Because you want to be…

Saturday I had a chance to wander around a book store, something I hadn’t done in a while. While there a book caught my eye, and I had to get it. It summed up the problems with our money so well and at the same time so many other things. “You’re Broke Because You Want to Be…”

I haven’t finished it yet, but so far it is plain unadulterated common sense, stating that wanting to change is not enough to change. You have to get off your butt and take action. You (ahem, *I*) have to make the changes that start you on the road to what you want. My actions speak louder than my words about what I want, and if I say I want something and yet all my actions are working against that, then what do I really want?

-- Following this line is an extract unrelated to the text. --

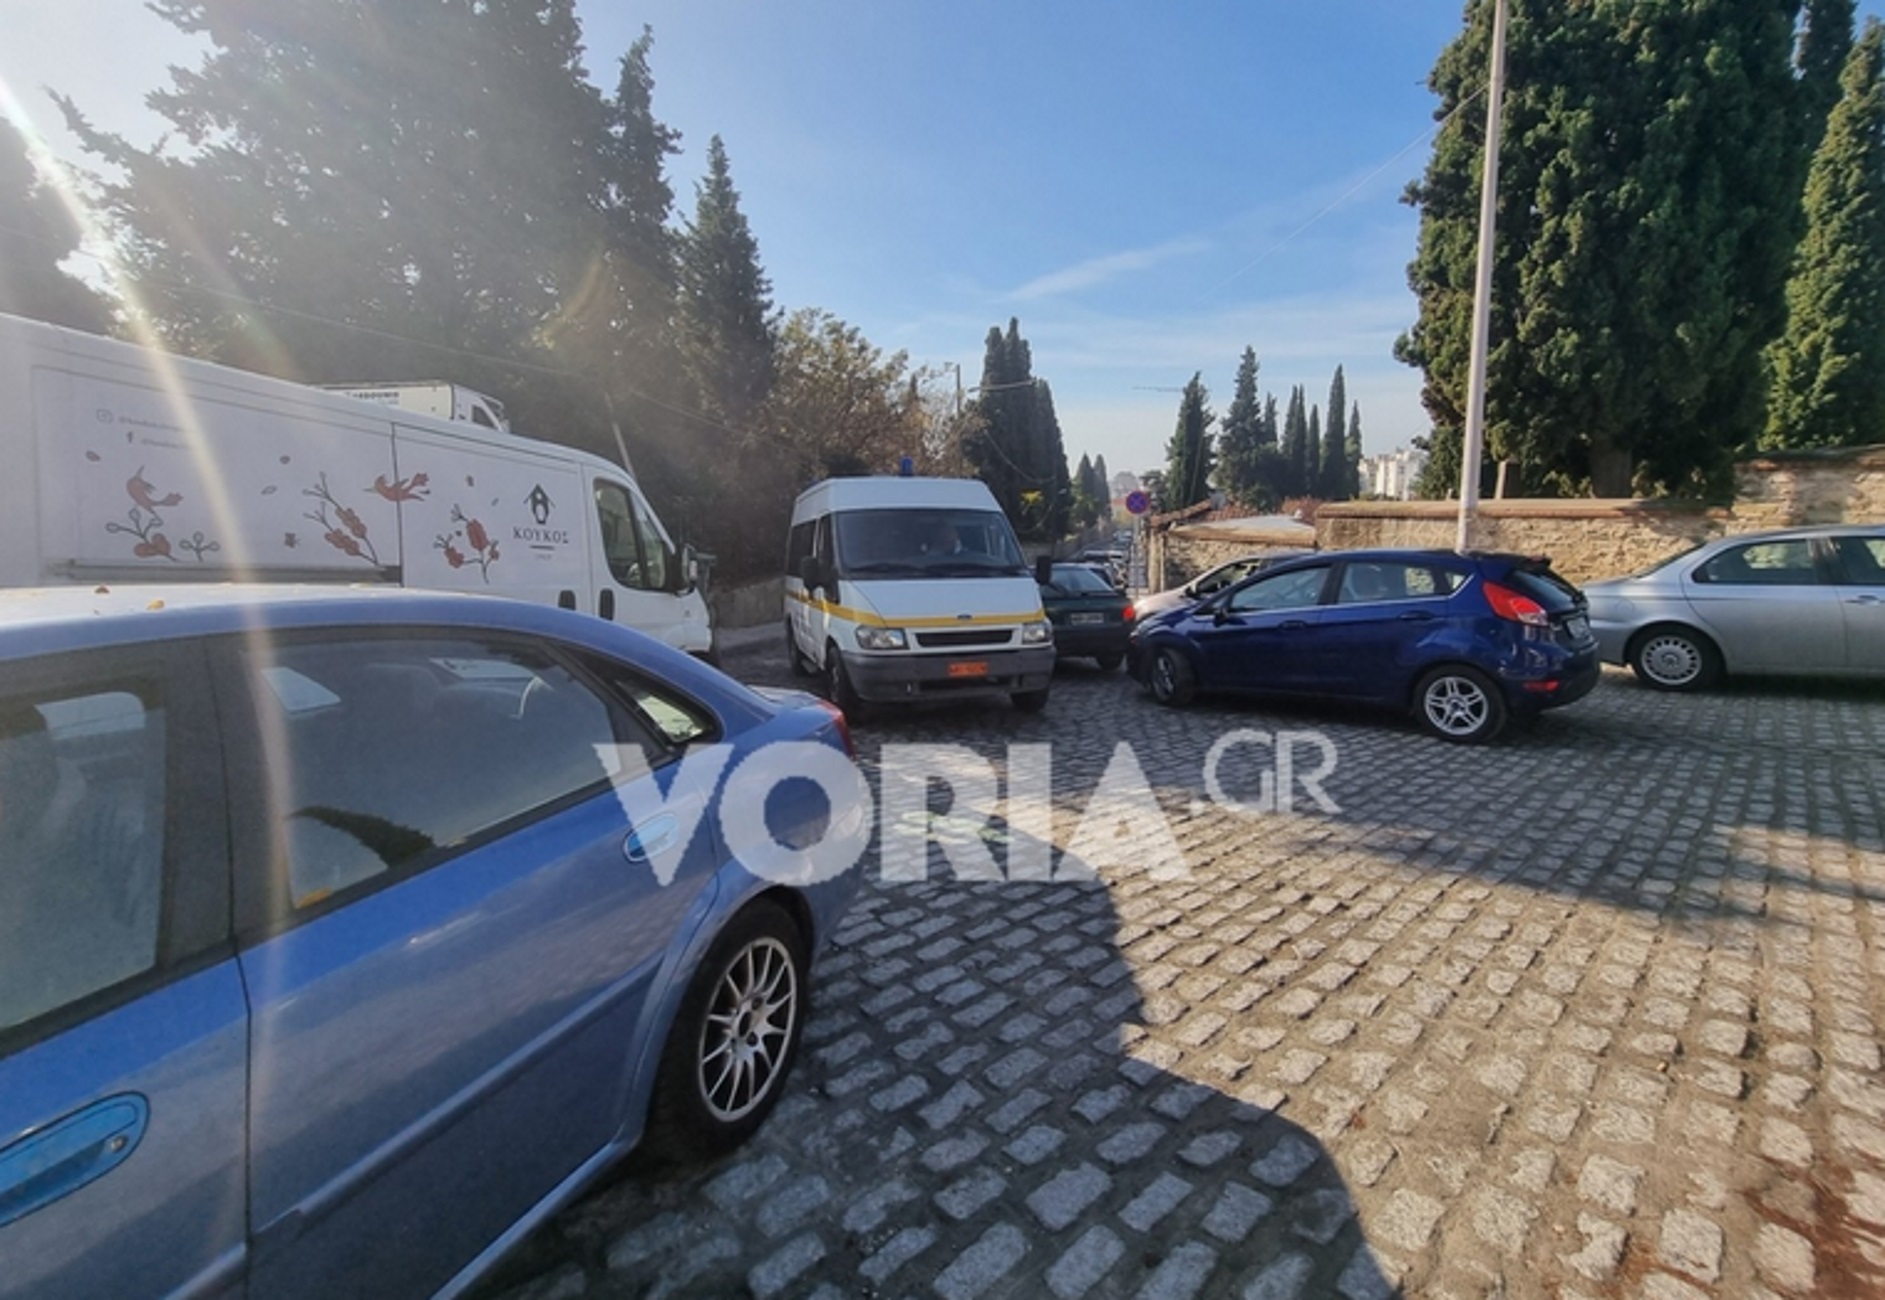 Θεσσαλονίκη: Ρεσιτάλ ασυνειδησίας από οδηγούς που παρκάρουν και μπλοκάρουν την είσοδο νοσοκομείου

What do I really expect?

There are so many ways I need to apply this –

You are only ________ because you want to be:

Fat – wanting to be thin isn’t enough, wanting to change my eating habits and exercise won’t make me thin. Stopping junk food and getting off my butt might.

Broke – well that is what the book is about. If I want to get out of debt but don’t save money, then will I ever get out of debt?

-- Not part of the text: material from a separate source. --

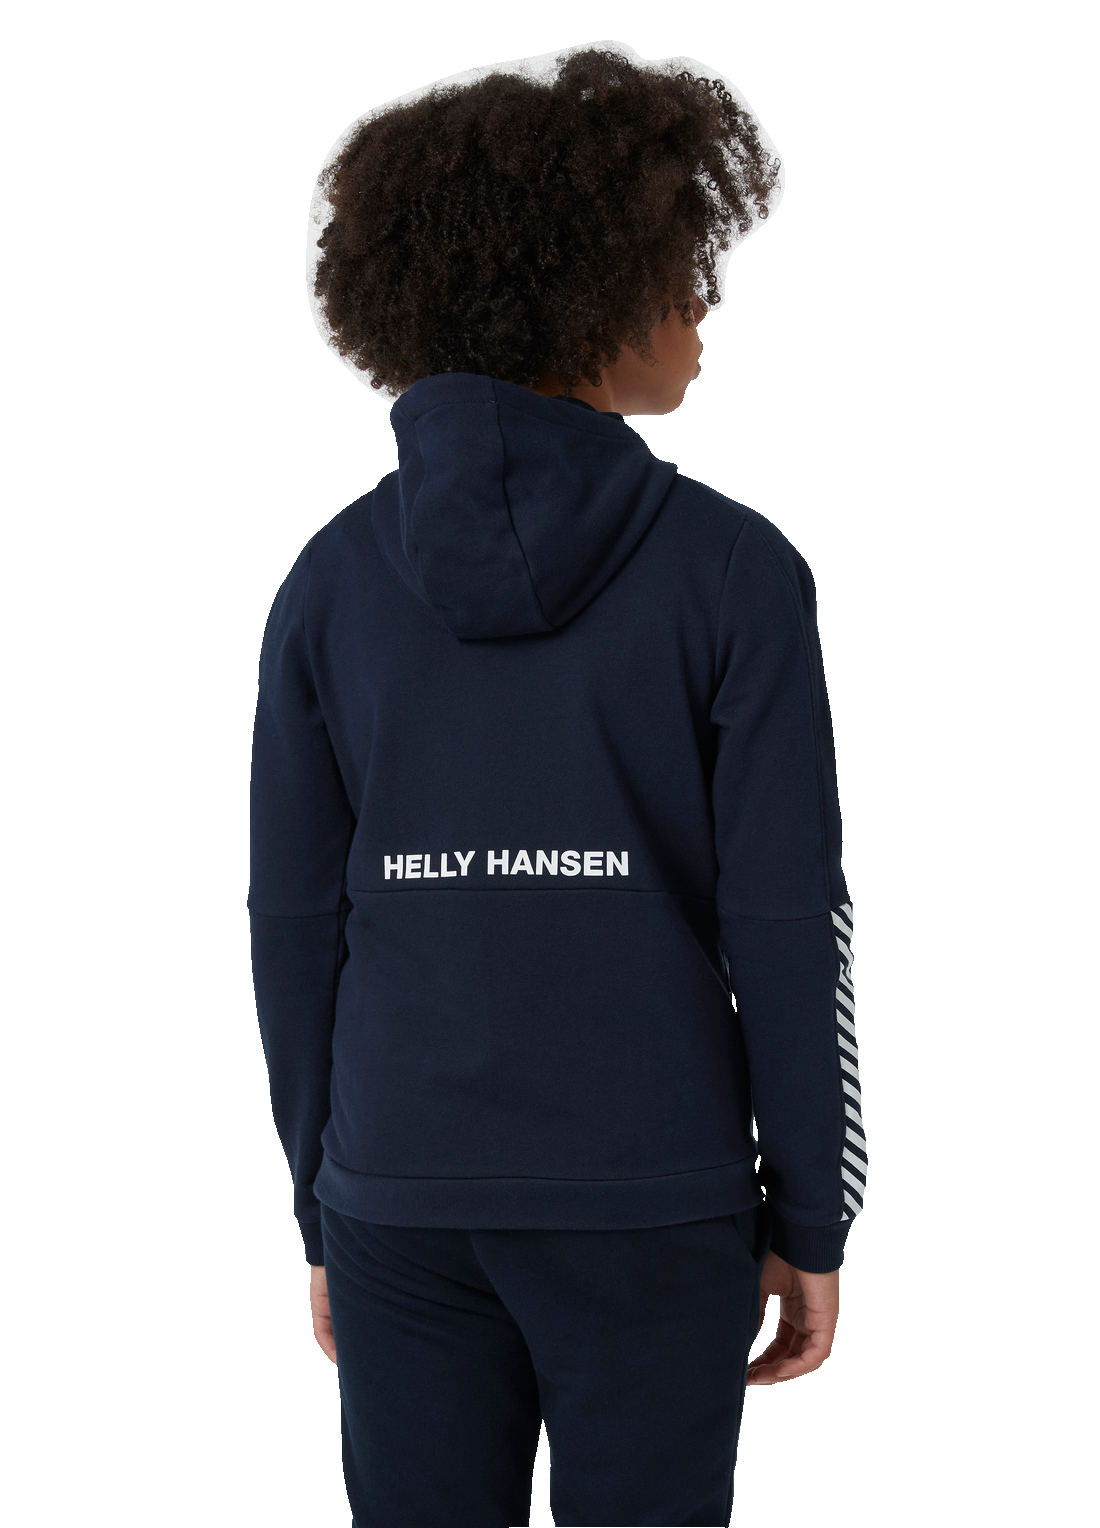 Helly Hansen Junior Active Hoodie tummansininen huppari värissä Navy takaa kuvattuna pojan päällä

Messy – there are so many jobs I ignore, put off, and let gnaw at my subconscious. What could I do about that?

A Yelling Parent – See all of the above, my frustration and lack of peace leads me to take out my feelings on those around me, my children and myself.

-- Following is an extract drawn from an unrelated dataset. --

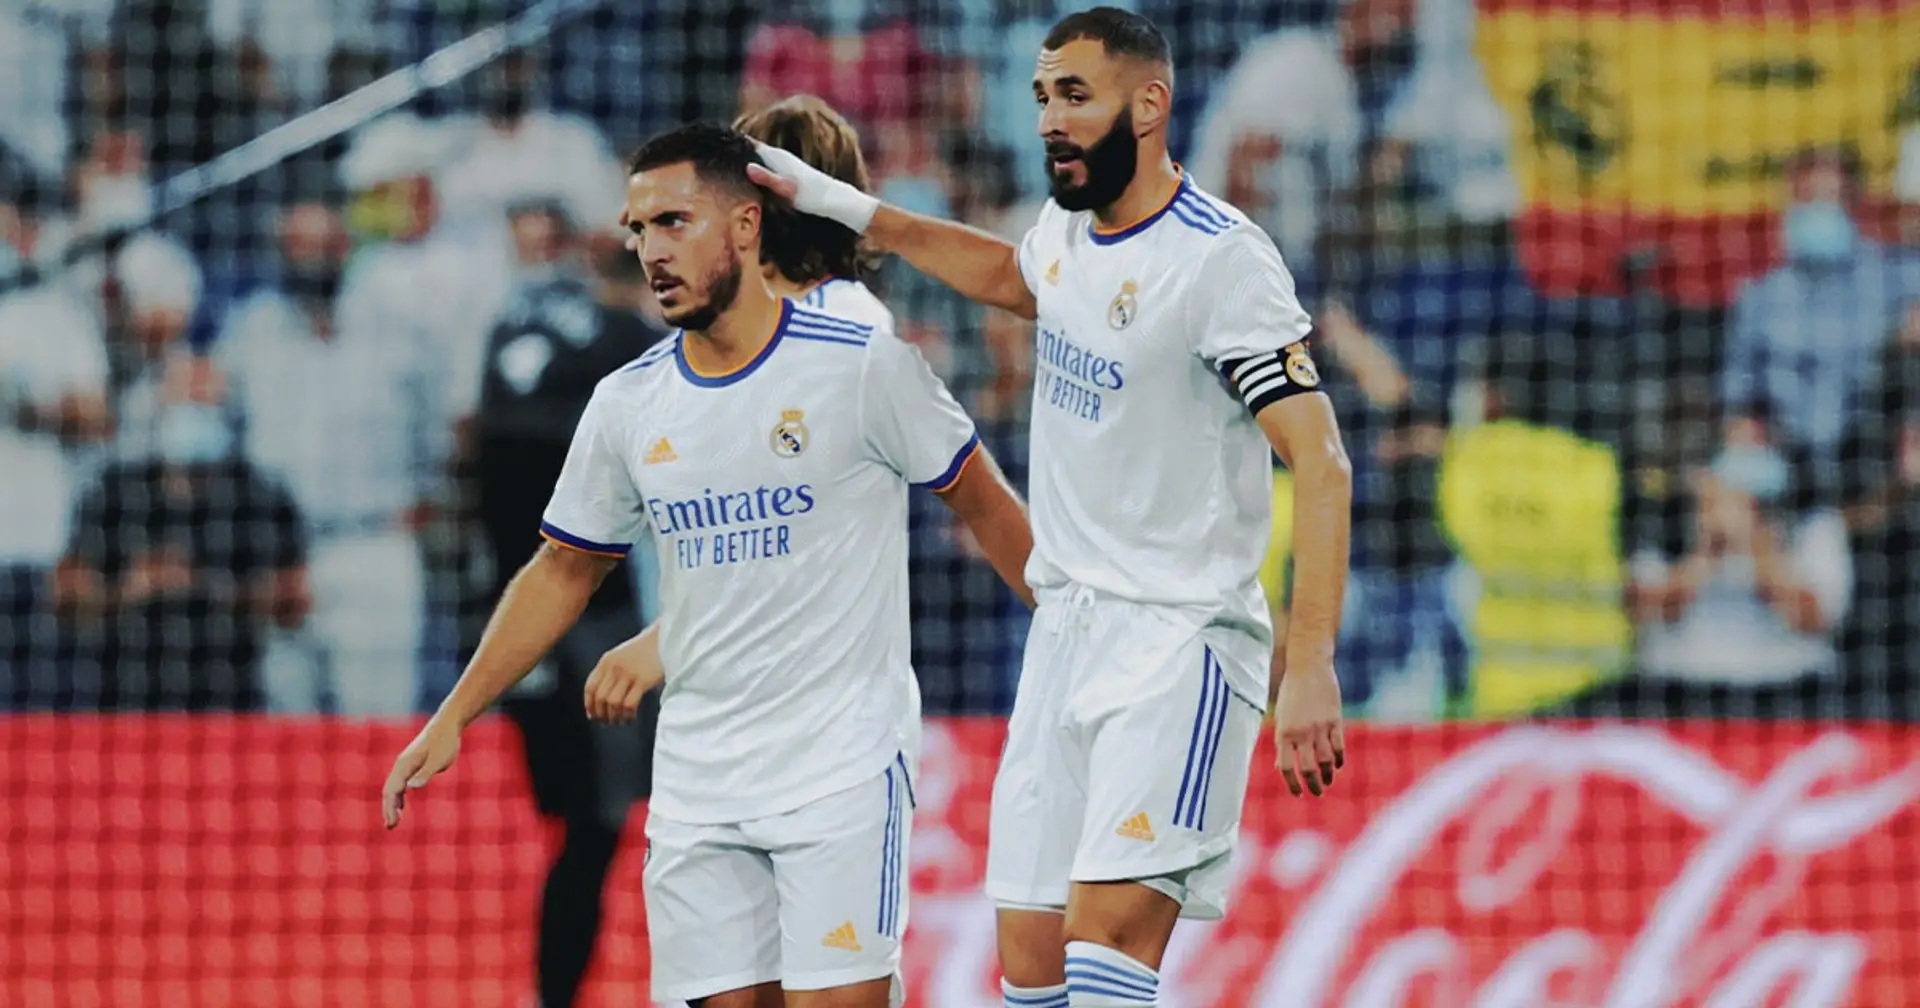 Benzema et Modric 9, Camavinga 7: les notes des joueurs de Madrid après la victoire poussive face au Celta Vigo

A Substandard Wife – see the Yelling Parent part.

Does it sound like I am getting down on myself? Maybe I am a little, but all I want is to be the kind of person that I would look up to. I think I am much closer to that than I was 10 or even five years ago. But that doesn’t mean I should stop working on myself to be a better person. I like me, most of the time anyway. I don’t know if this book was worth what I spent on it in full, but sometimes you just have to see the obvious in print in front of your own nose, at least I did. Hopefully I won’t forget it again too soon.

So here begins the journey (or continues one abandoned or procrastinated in the past) of connecting my actions to what I really want.